Advanced Technical Editing (Eng 6400/7400)

This online course is a requirement in the online masters program in technical communication at Utah State University. It focuses on teaching students how to edit documents with consideration to audience and context, including readability and accessibility issues. I taught two sections of this course, with two different preps: Spring 2006 and Summer 2007.

SPRING 2006 summary
This was the first time I taught Editing, and also the first time I taught in our online-only, practitioners-based MA program. (There were no doctoral students enrolled this term.)

  • sections taught in department this term: 1
  • number of students enrolled: 13
  • numeric evaluations (none available)

teaching innovations
I introduced students to the procedures of editing scholarly, digital texts, and we used webtexts from the journal I edit, Kairos, as the major project. In groups of four, students collaboratively edited one webtext (including written content and website design) from developmental stages to the text’s final copy-editing and proofreading. In addition, they wrote introductions for their webtext, the themes of which were focused on the history and future of the journal. None of these students lived in the same area and so all group work had to be completed using online communication.

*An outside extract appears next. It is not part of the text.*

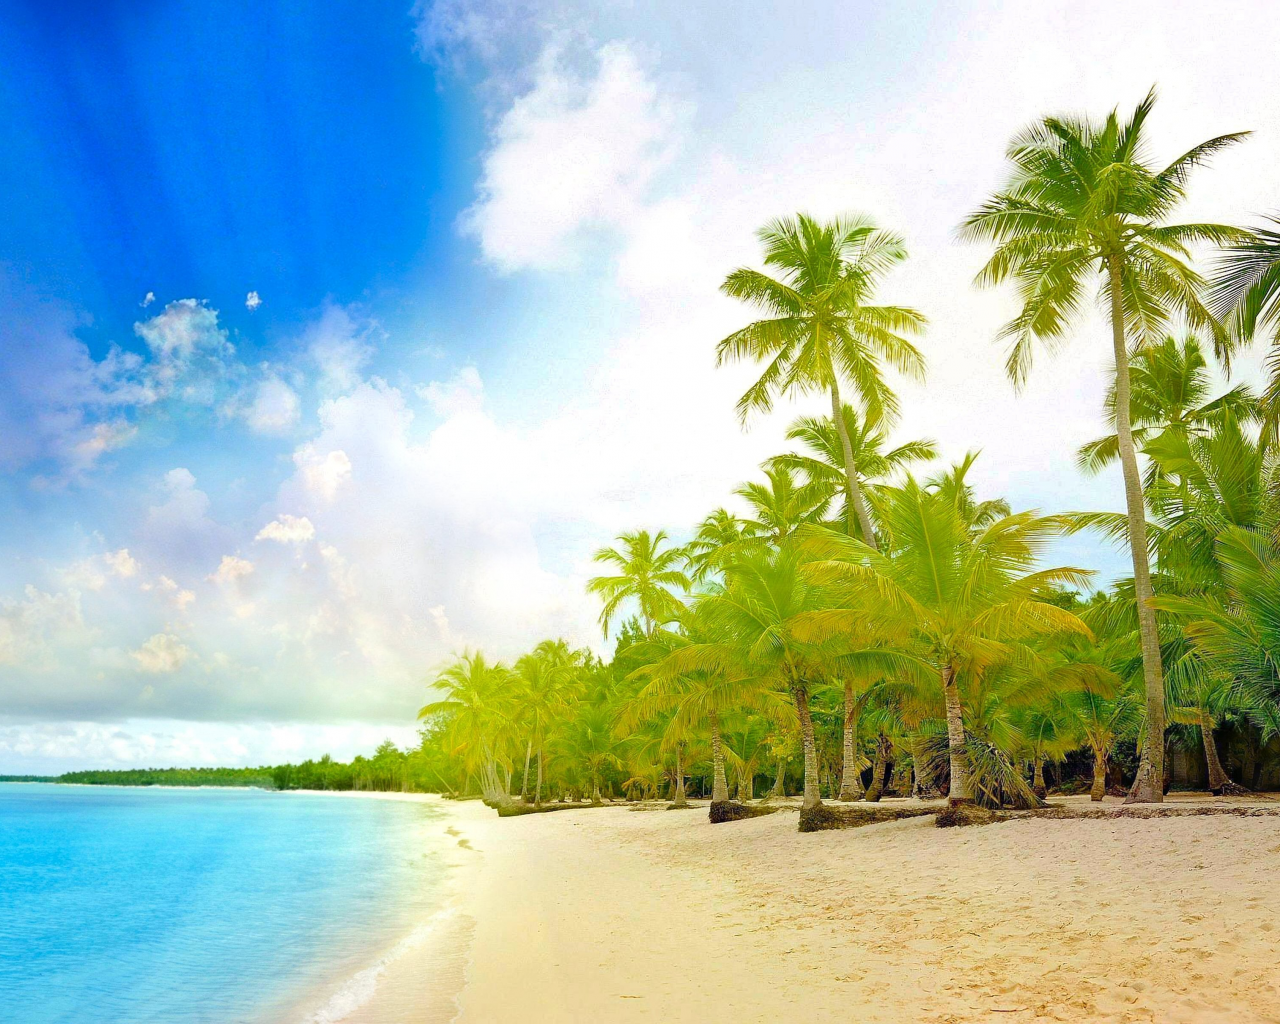 landscape, palm trees, beach, sea, tropics
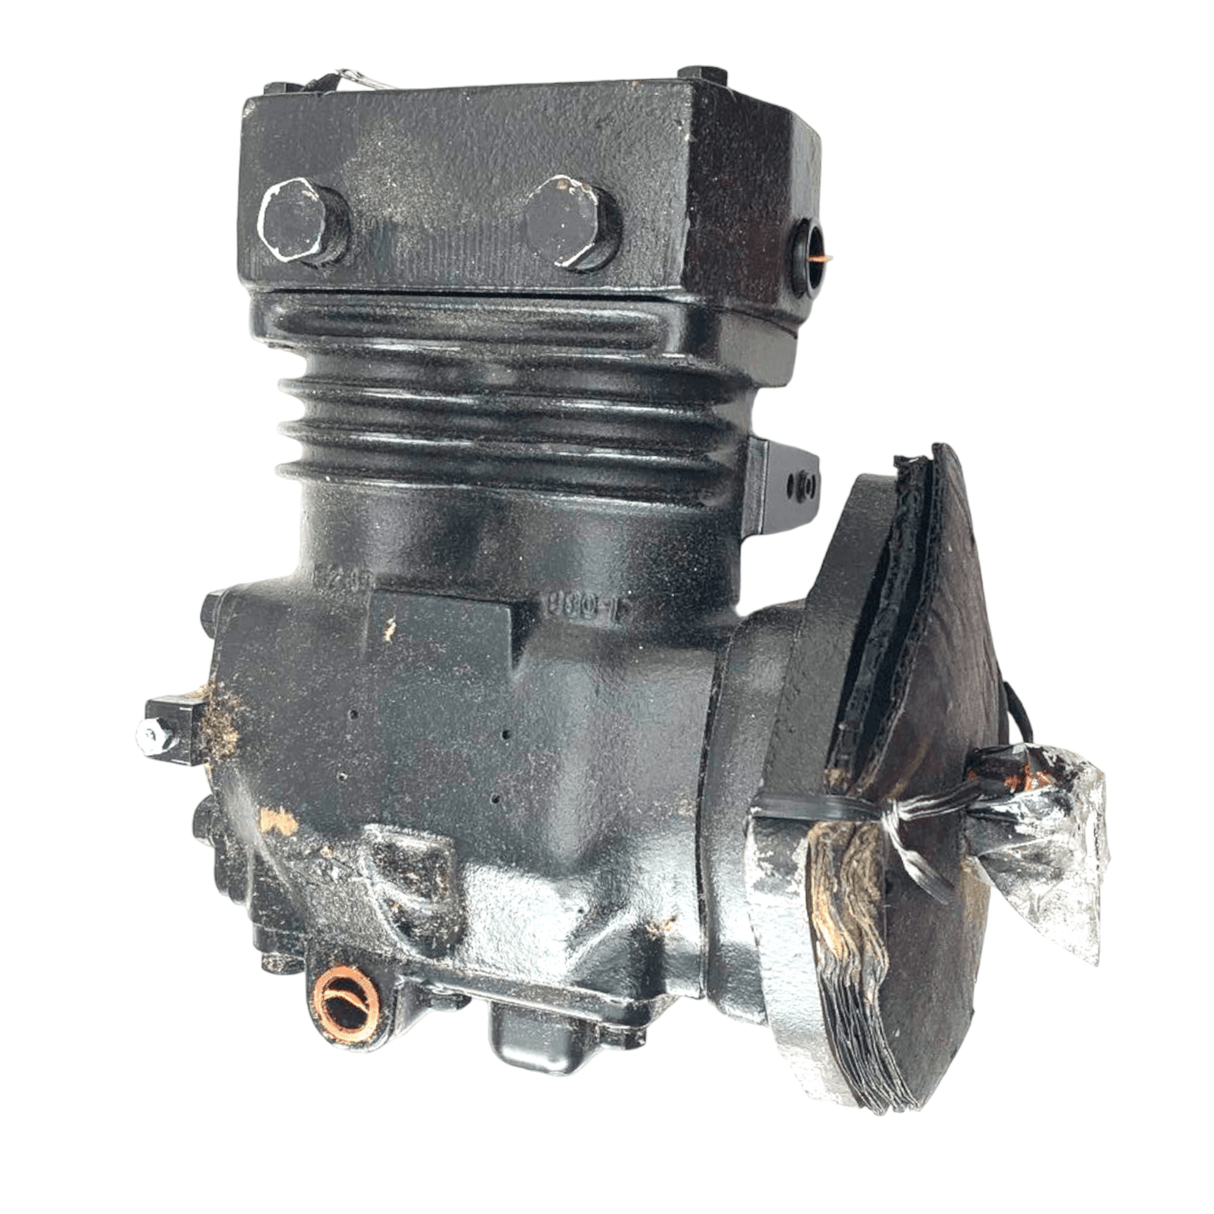 0R2895 Genuine Cat Air Compressor TF-501.

Another innovation was my use of an offsite FTP location where students could upload and view their in-progress websites. (USU doesn’t offer this ability to students, and so I used other resources at my disposal to accommodate learning.) Because of the theoretical and technical expertise students had to learn to complete the major assignment, I learned how to write more detailed assignment sequences. I also learned to organize my online teaching better using a content management system so that students can more easily find the information they need.

teaching challenge
The class progressed fairly well, with the exception of one problematic student group who had difficulty communicating and collaborating in the online environment. I ended up moderating their discussions, and group work progressed smoothly after that. From this experience, I learned how to react in appropriate ways to inappropriate online communication from adult learners.

narrative evaluations

  • not available

accompanying materials

SUMMER 2007 summary
This was the second time I taught this online-only class to graduate students at Utah State University. I changed the syllabus, since the summer course was only six weeks long (as opposed to the 15-week semesters), and we focused on the rhetorical and aesthetic situations of editing different media. We “progressed” through levels of editing (developmental, copy-editing, proofreading, etc.) on written texts whose layouts had yet to be completed (i.e., an unformatted article), to visual texts such as poems, to audio-only texts such as radio commercials, to multimodal texts such as websites with graphics and videos. This course proceeded much more smoothly than the previous iteration did, in part because I was more comfortable teaching online and in part because I had earned the trust of many onsite graduate students in the Literature & Writing program who enrolled in this online course because it was my last class at Utah State.

evaluations

  • These were lost in a database crash. (I can provide an email from the college systems administrator attesting to this.)